Krefeld startet Millionen-Sanierung für klimaneutrale Stadtgebäude bis 2035
Tassilo HeßKrefeld startet Millionen-Sanierung für klimaneutrale Stadtgebäude bis 2035
Die Stadt Krefeld hat einen bedeutenden Schritt in Richtung ihrer Klimaziele gemacht und eine groß angelegte Sanierung ihrer städtischen Gebäude eingeleitet. Mit der Durchführung der energieeffizienten Modernisierungen wurde das Unternehmen E1 Energiemanagement beauftragt – und zwar im Rahmen eines Energieeinspar-Contracting-Vertrags. Das Projekt unterstützt Krefelds Ziel, bis 2035 klimaneutral zu werden.
Die Initiative ist Teil einer umfassenden Klimaschutzstrategie, mit der die Stadt ihre Energiekosten senken und den CO₂-Ausstoß verringern will. Die Arbeiten umfassen zwölf Liegenschaften mit insgesamt 19 Gebäuden, darunter Rathausstandorte, eine Kindertagesstätte und das Kulturzentrum Fabrik Heeder.
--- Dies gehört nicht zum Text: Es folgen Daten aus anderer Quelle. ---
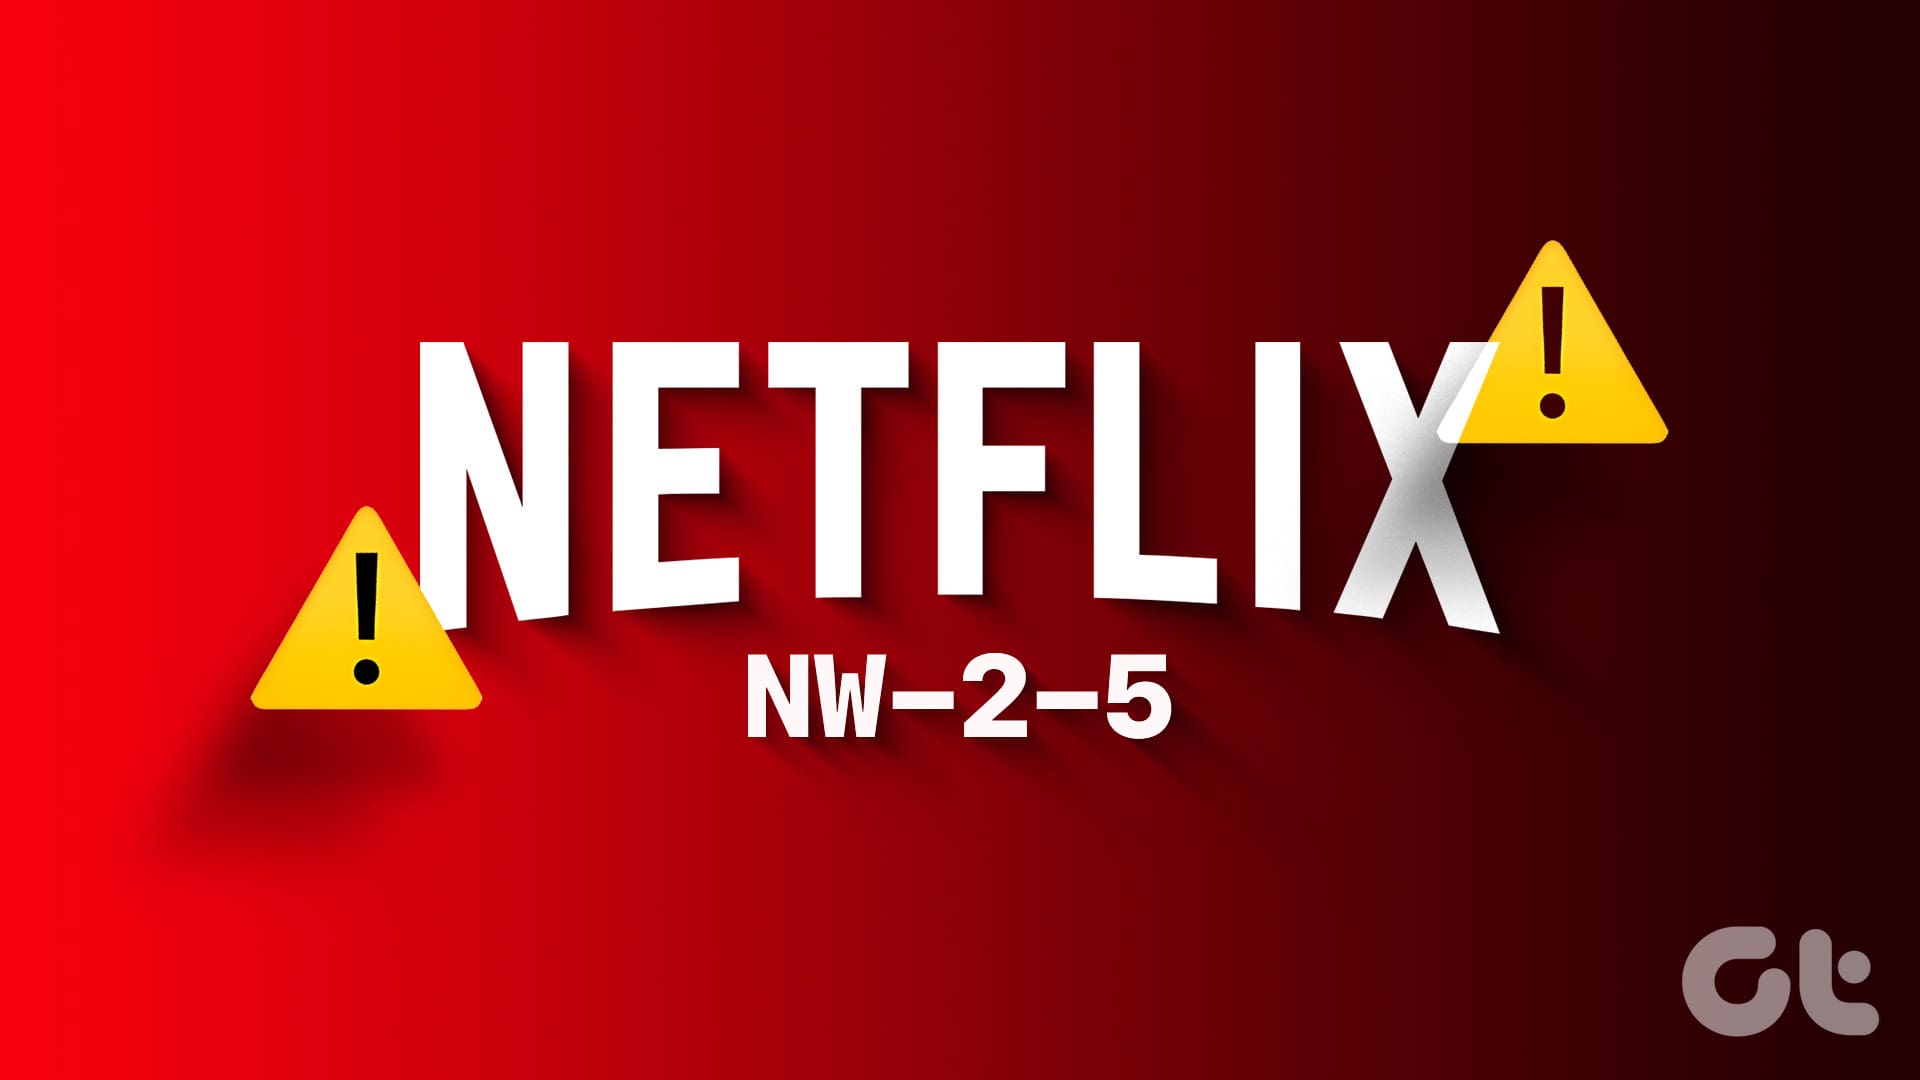 How to Fix Netflix Error Code NW-2-5

Im Rahmen der Sanierung werden die technischen Anlagen auf den neuesten Stand gebracht. Dazu gehören die Installation von Wärmepumpen, der Umstieg auf LED-Beleuchtung sowie die Montage von Photovoltaikanlagen. Intelligente Sensoren und hydraulischer Abgleich sollen die Energieeffizienz zusätzlich steigern.
Das in Nürnberg ansässige Unternehmen E1 Energiemanagement übernimmt im Rahmen des Contracting-Vertrags die Finanzierung und Umsetzung aller Baumaßnahmen. Das Kompetenzzentrum Contracting der Deutschen Energie-Agentur (dena) fördert das Vorhaben als Teil des bundesweiten Modellprojekts „Co2ntracting: Zukunft bauen!“. Im Rahmen dieses Projekts werden kostenlose Fachberatungen, Bewertungen sowie erfolgreiche Contracting-Beispiele präsentiert, die als Vorbild für andere dienen sollen.
Die Bauarbeiten sollen Anfang 2025 beginnen. Nach Abschluss der Maßnahmen rechnet die Stadt mit einer Einsparung von 24 Prozent beim Heizenergieverbrauch und 30 Prozent beim Stromverbrauch.
Das Projekt bringt Krefeld seinem Ziel, bis 2035 klimaneutral zu werden, ein großes Stück näher. Gleichzeitig senkt es die Energiekosten für die öffentlichen Gebäude der Stadt. Die Initiative dient anderen Kommunen als praxisnahes Beispiel, die ähnliche Maßnahmen zur Energieeinsparung in Erwägung ziehen.